The 21st Century Cures Act amended the Federal Food, Drug, and Cosmetic Act (FDCA) by exempting five categories of software [1], including CDS, from the definition of medical device in section 201(h). While the software exemptions provided clarity and freedom from FDA regulation for certain segments of the digital health industry, such as electronic health record vendors, the CDS provisions in section 520(o)(1)(E) introduced regulatory concepts that created interpretative challenges. Section 520(o)(1)(E) states:

The term device, as defined in section 201(h), shall not include a software function . . .

(E) unless the function is intended to acquire, process, or analyze a medical image or a signal from an in vitro diagnostic device or a pattern or signal from a signal acquisition system, for the purpose of—
(i) displaying, analyzing, or printing medical information about a patient or other medical information (such as peer-reviewed clinical studies and clinical practice guidelines);
(ii) supporting or providing recommendations to a health care professional about prevention, diagnosis, or treatment of a disease or condition; and
(iii) enabling such health care professional to independently review the basis for such recommendations that such software presents so that it is not the intent that such health care professional rely primarily on any of such recommendations to make a clinical diagnosis or treatment decision regarding an individual patient.

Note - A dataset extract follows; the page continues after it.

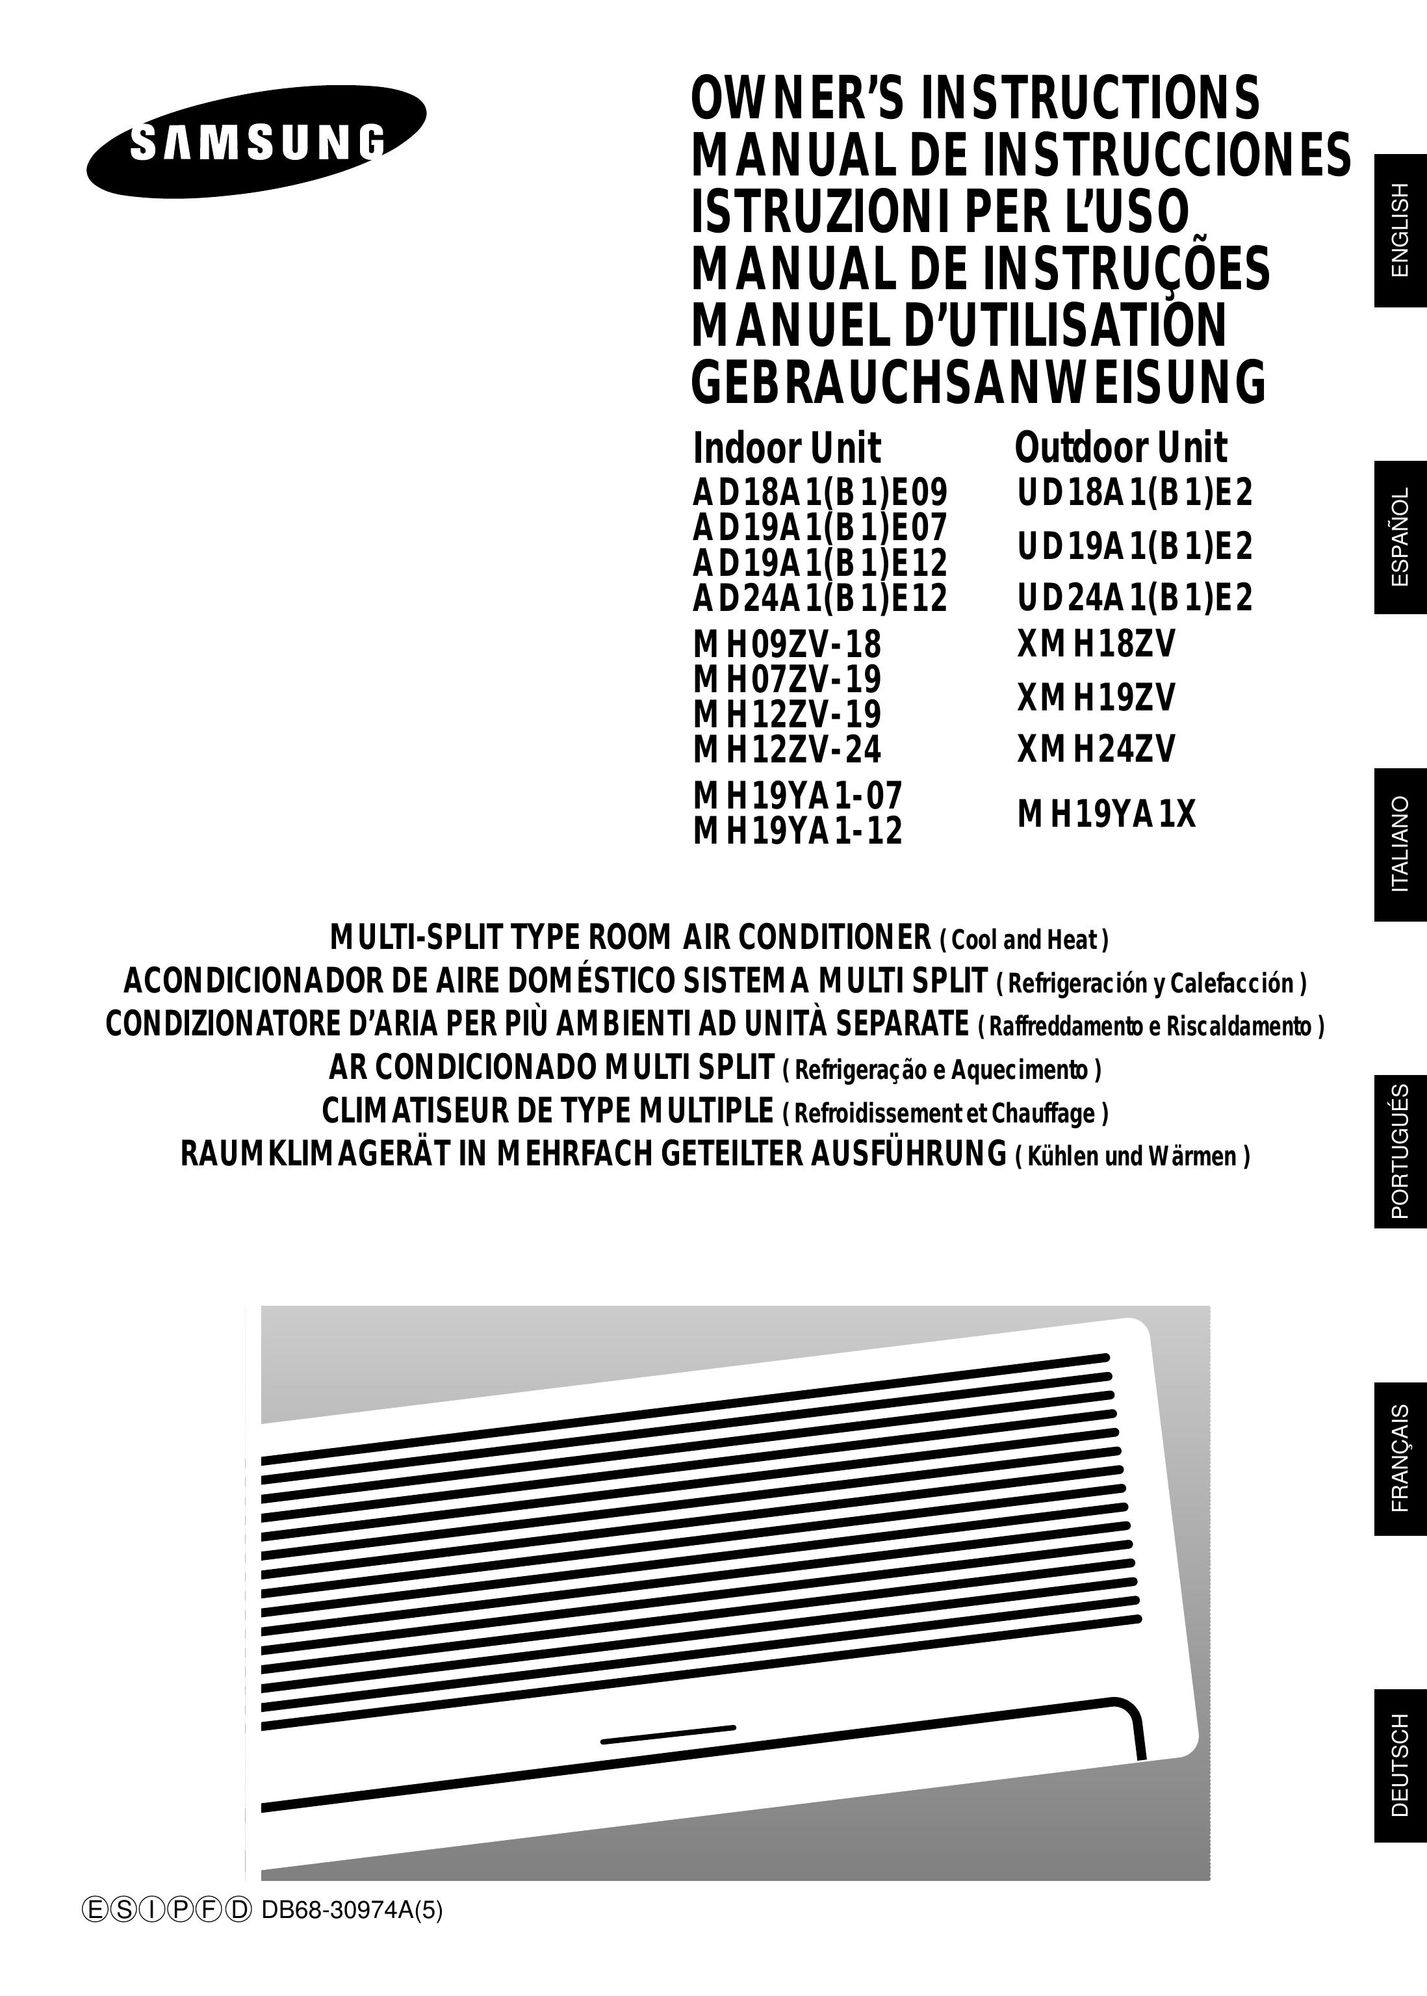 Samsung AD19A1(B1)E07 Air Conditioner User Manual

Many of the differences in interpretation seemed to focus on the concepts of “signal” acquisition and processing and the healthcare provider’s reliance on the software output.

FDA attempted to clarify section 520(o)(1)(E) in its 2019 draft guidance by describing a four-factor test for non-device CDS. However, many developers struggled to reconcile the four-factor test with the agency’s traditional risk-based approach for evaluating medical devices and the other software guidance documents with overlapping and sometimes contradictory interpretations of CDS functions that might exist in mobile applications or clinical software. The large volume of CDS tools on market that have similar intended uses but different regulatory classifications illustrate not only the complexity of the regulatory framework, but also that the statutory provisions and guidance are susceptible to significant differences in interpretation and application.

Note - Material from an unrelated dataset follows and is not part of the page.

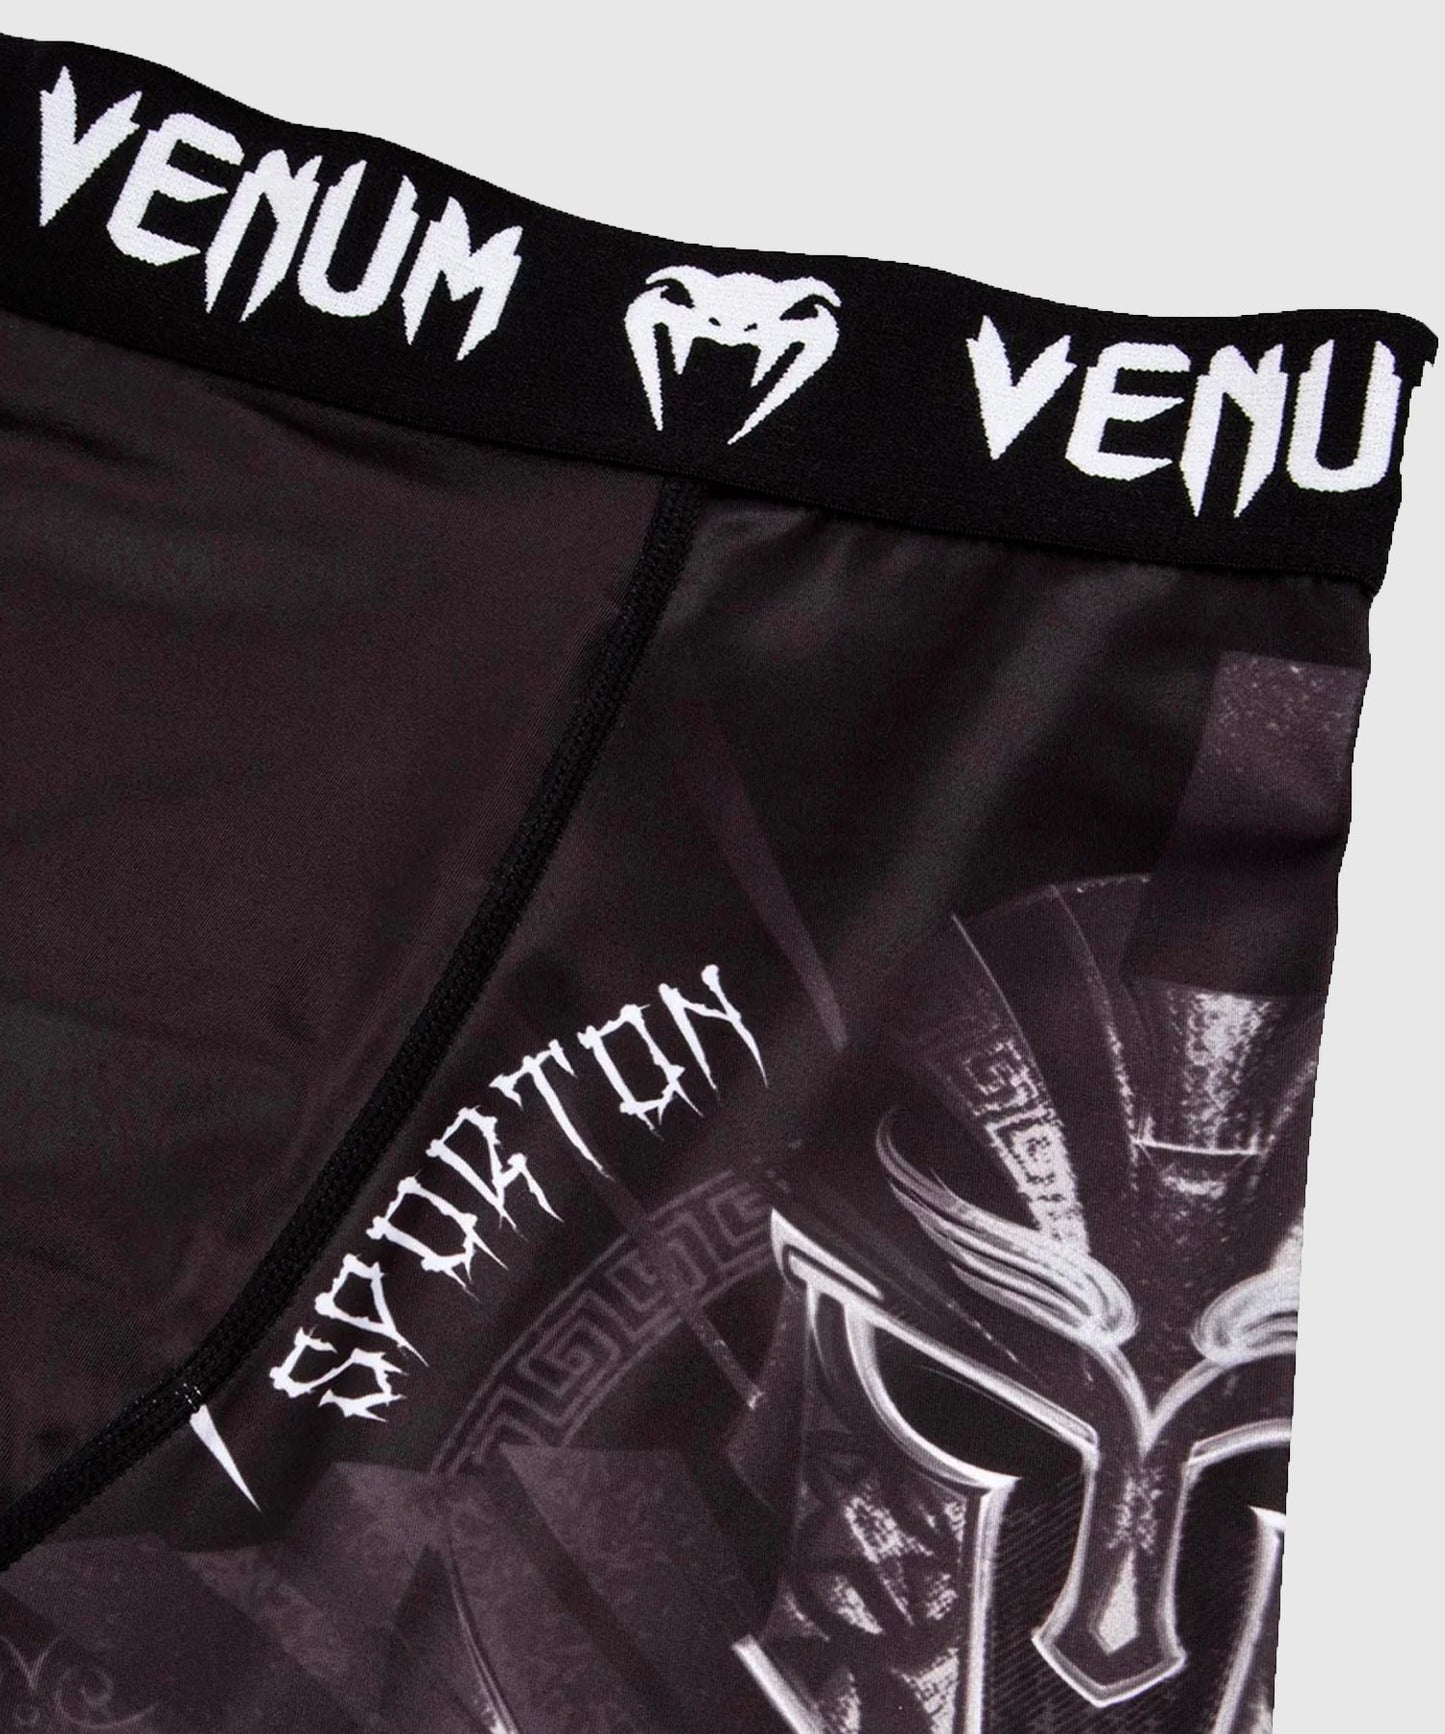 Vale Tudo Shorts Venum Gladiator 3.0 - zwart/wit

In the final guidance, FDA seeks to clarify and explain the criteria for device versus non-device CDS by elaborating on important elements of its original four-factor test described below.

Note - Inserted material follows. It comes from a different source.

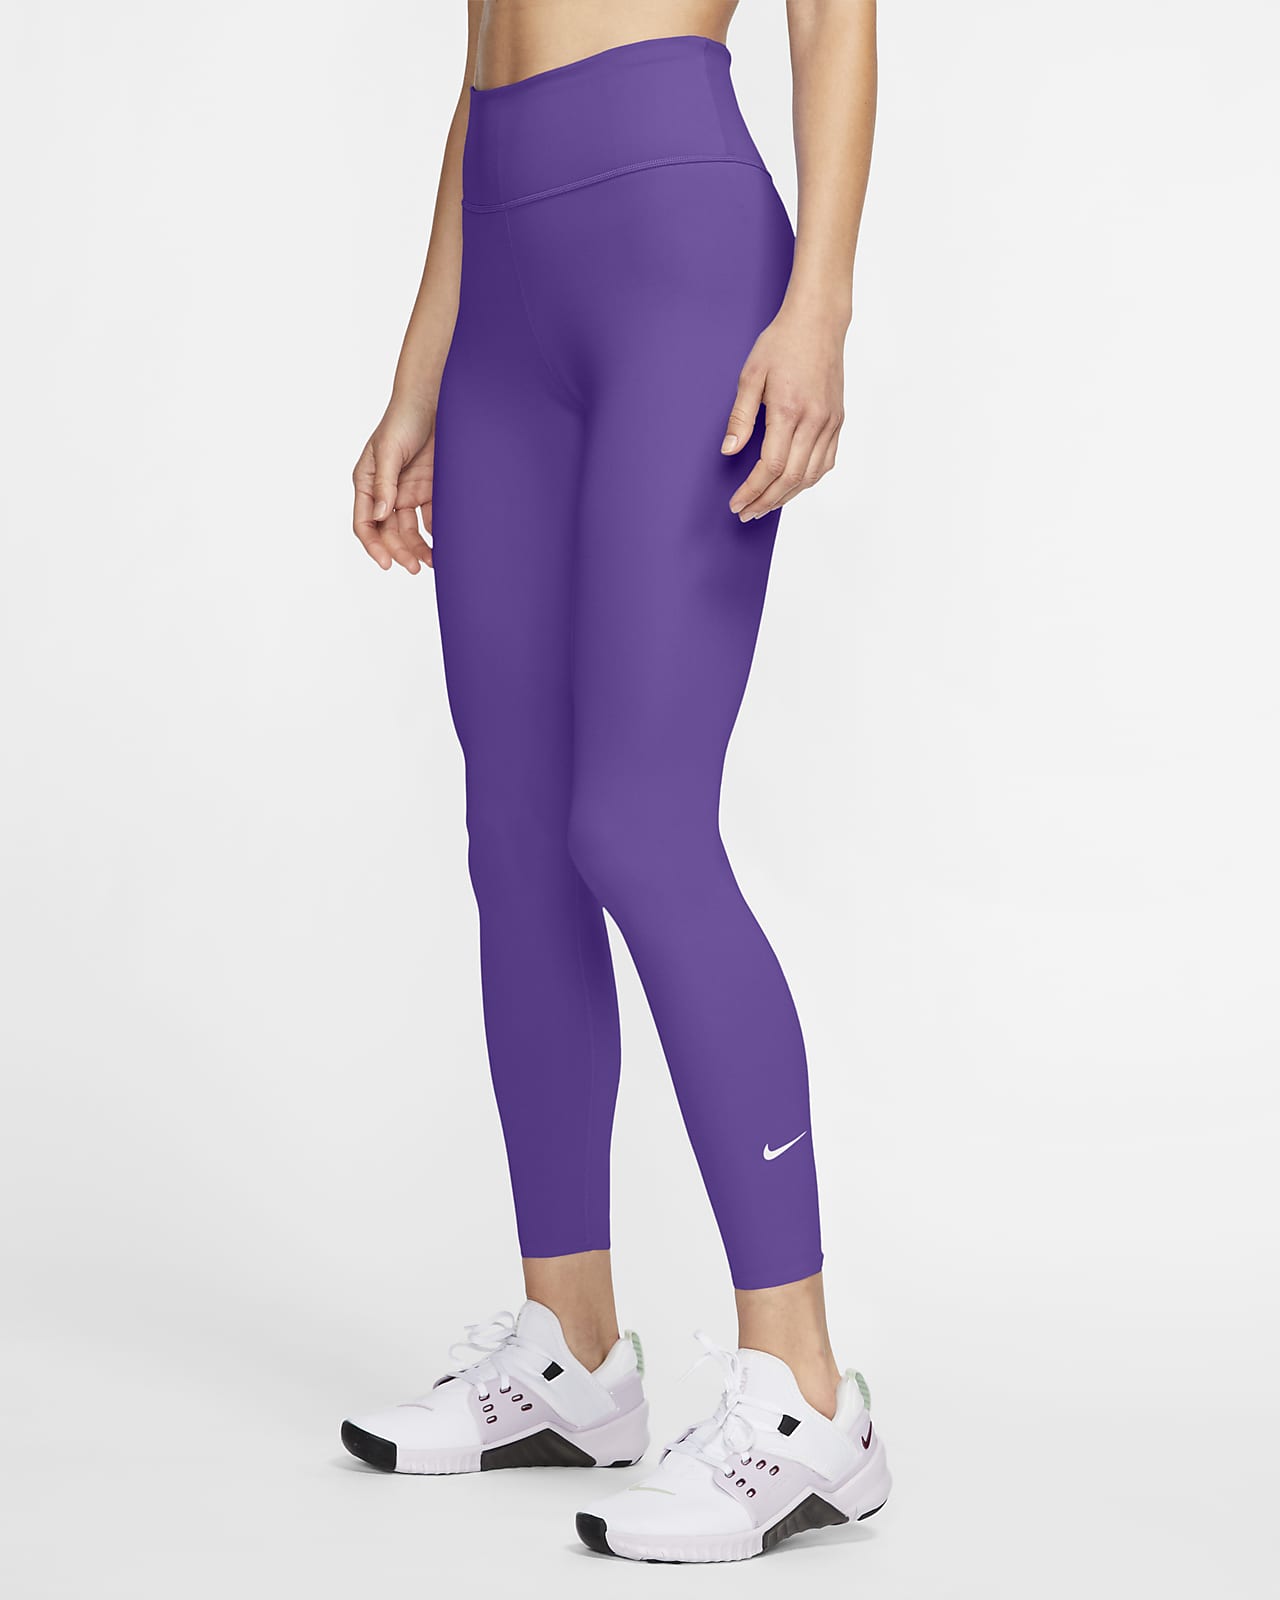 Luxe Women's 7/8 Leggings. Nike.com

• Criterion 1: not intended to acquire, process or analyze a medical image or a signal from an in vitro diagnostic device or a pattern or signal from a signal acquisition system
• Criterion 2: intended for the purpose of displaying, analyzing or printing medical information about a patient or other medical information (such as peer-reviewed clinical studies and clinical practice guidelines)
• Criterion 3: intended for the purpose of supporting or providing recommendations to a healthcare professional about prevention, diagnosis or treatment of a disease or condition
• Criterion 4: intended for the purpose of enabling such healthcare professional to independently review the basis for such recommendations that such software presents so that it is not the intent that such healthcare professional rely primarily on any of such recommendations to make a clinical diagnosis or treatment decision regarding an individual patient.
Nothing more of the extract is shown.